Simulates drug concentration over time using a one-compartment pharmacokinetic model solved with SciPy's
solve_ivp:
dC/dt = (F × ka × D / Vd) × e^(−ka × t) − (CL / Vd) × C
The output is a full concentration-time curve plotted against the drug's therapeutic window — showing exactly when a drug enters, stays within, or exceeds safe levels.
- Generates a plain-language safety summary using Gemini AI, so any stakeholder — researcher, investor, or regulator — can immediately understand the safety profile without interpreting raw numbers.
How we built it
| Layer | Technology |
|---|---|
| Frontend | Next.js, React, CSS, Chart.js, Motion |
| Backend | FastAPI (Python), Pydantic |
| ML & Features | RDKit, scikit-learn, XGBoost |
| Toxicity Modeling | admet-ai (with heuristic fallback) |
| PK Simulation | SciPy solve_ivp |
| AI Summary | Google Gemini API |
| Deployment | Vercel (frontend), Railway (backend) |
The backend exposes four core endpoints: /predict, /simulate, /compare, and /summary. The ML model extracts molecular descriptors — molecular weight, LogP, TPSA, H-bond donors/acceptors — and combines them with patient parameters to predict PK outputs. The simulation solves the ODE system and returns chart-ready JSON directly consumable by Chart.js.
Challenges we ran into
RDKit packaging on Python 3.11+ has quirks — getting it to install cleanly inside a Railway container required switching to rdkit-pypi and pinning dependency versions carefully.

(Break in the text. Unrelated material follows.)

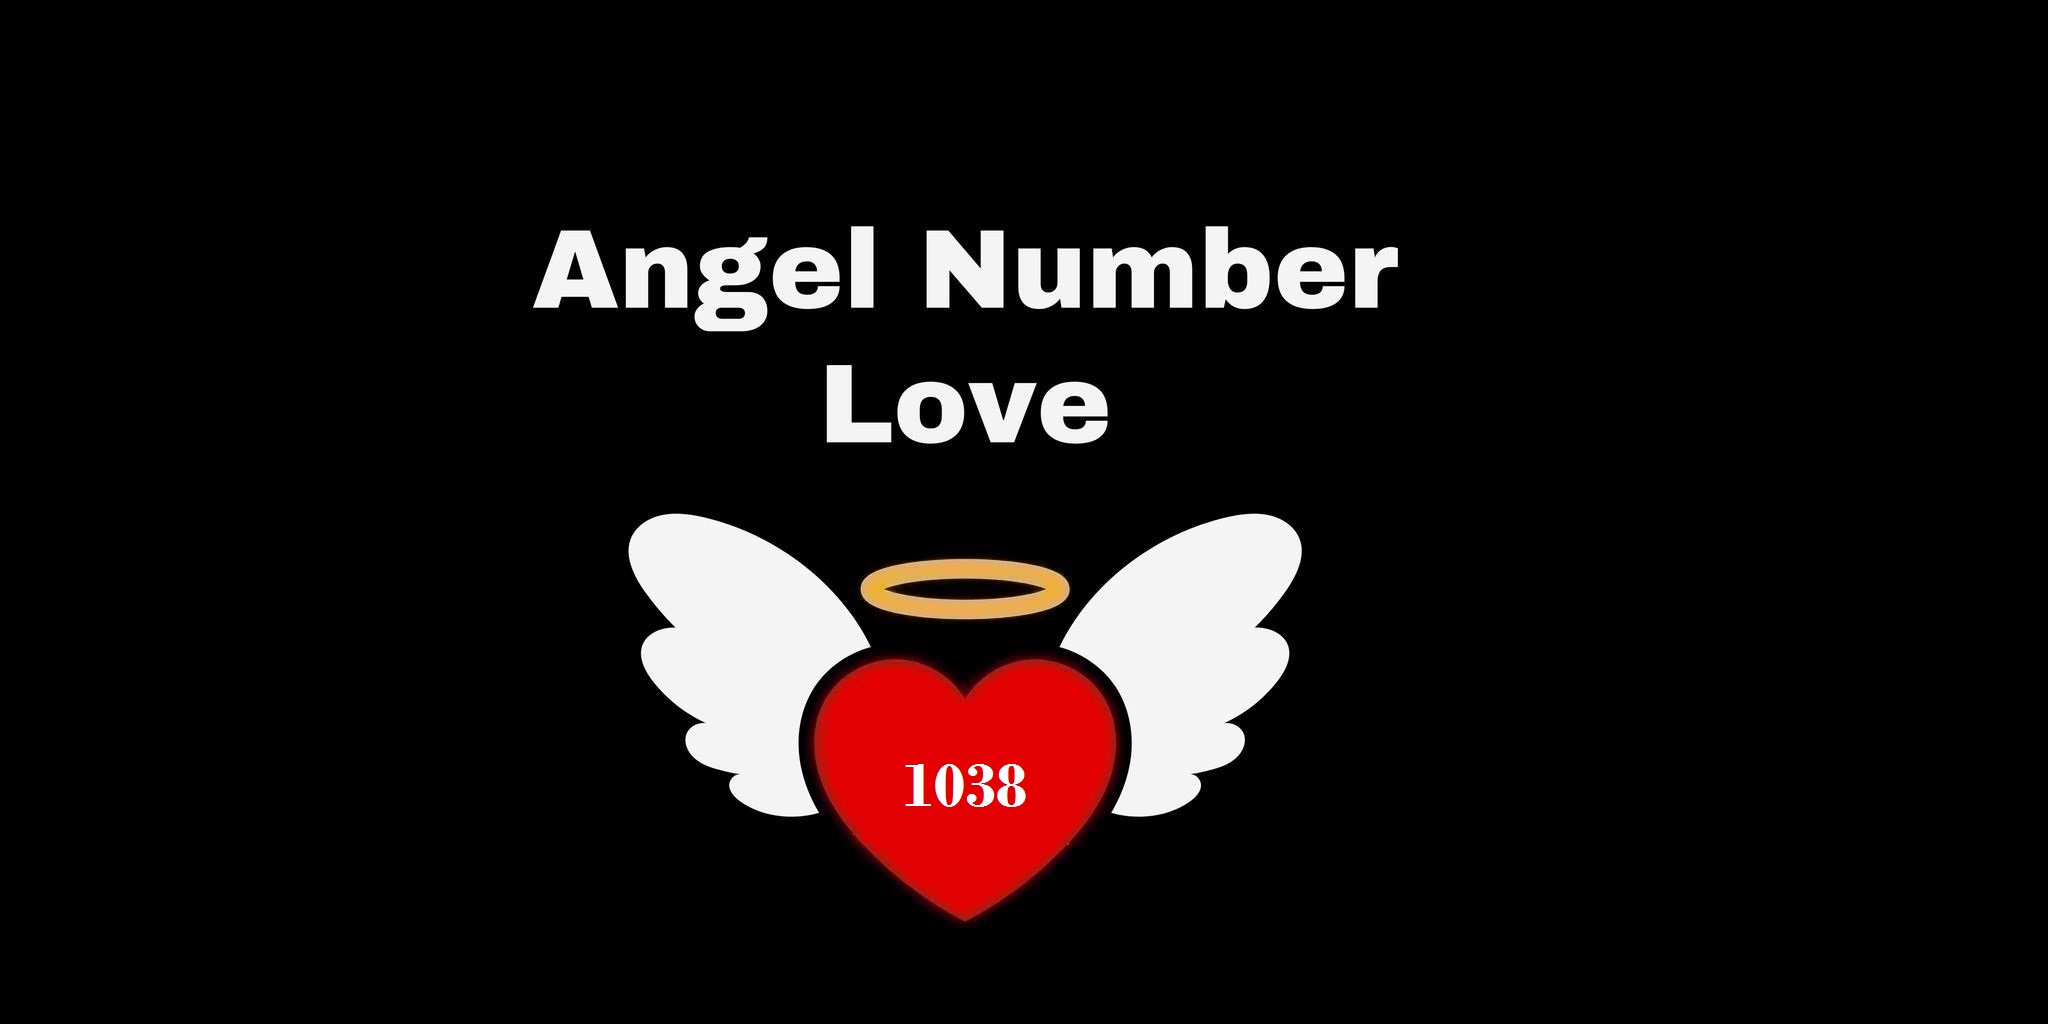 1038 Angel Number Meaning In Love
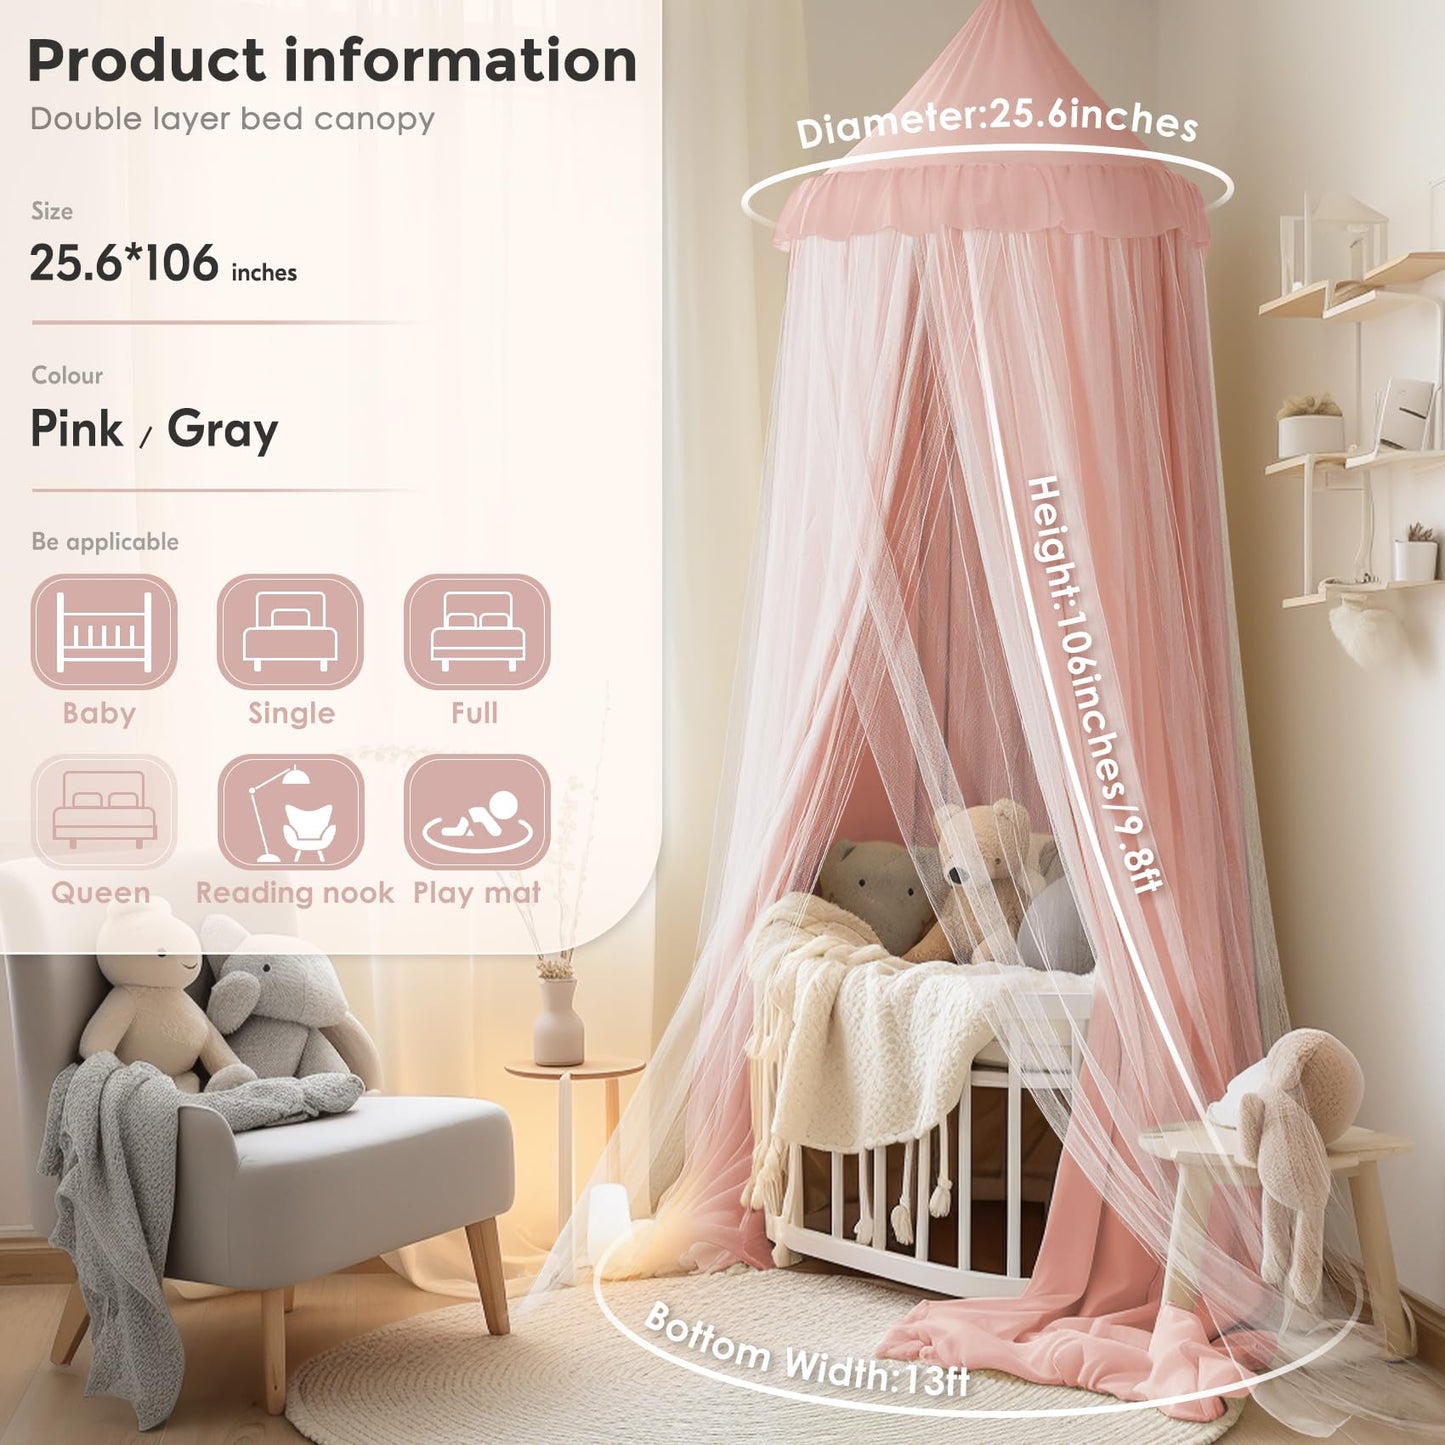 little dove Bed Canopy with Star Lights, Double Layer Canopy for Bed, Princess Play Tent for Girls Room, Breathable Canopy Bed Curtain for Children Reading Nook, Machine Washable Canopy, 25.6''x106''

Calibrating the synthetic training dataset was harder than expected. Without real labeled PK data readily available, we had to generate plausible synthetic data with physiologically grounded ranges and validate predictions against known drugs like aspirin, warfarin, and metformin.
Making Gemini summaries medically useful took significant prompt engineering. Generic prompts returned boilerplate text. We iterated until summaries consistently referenced the actual predicted PK numbers and communicated risk in plain, actionable language.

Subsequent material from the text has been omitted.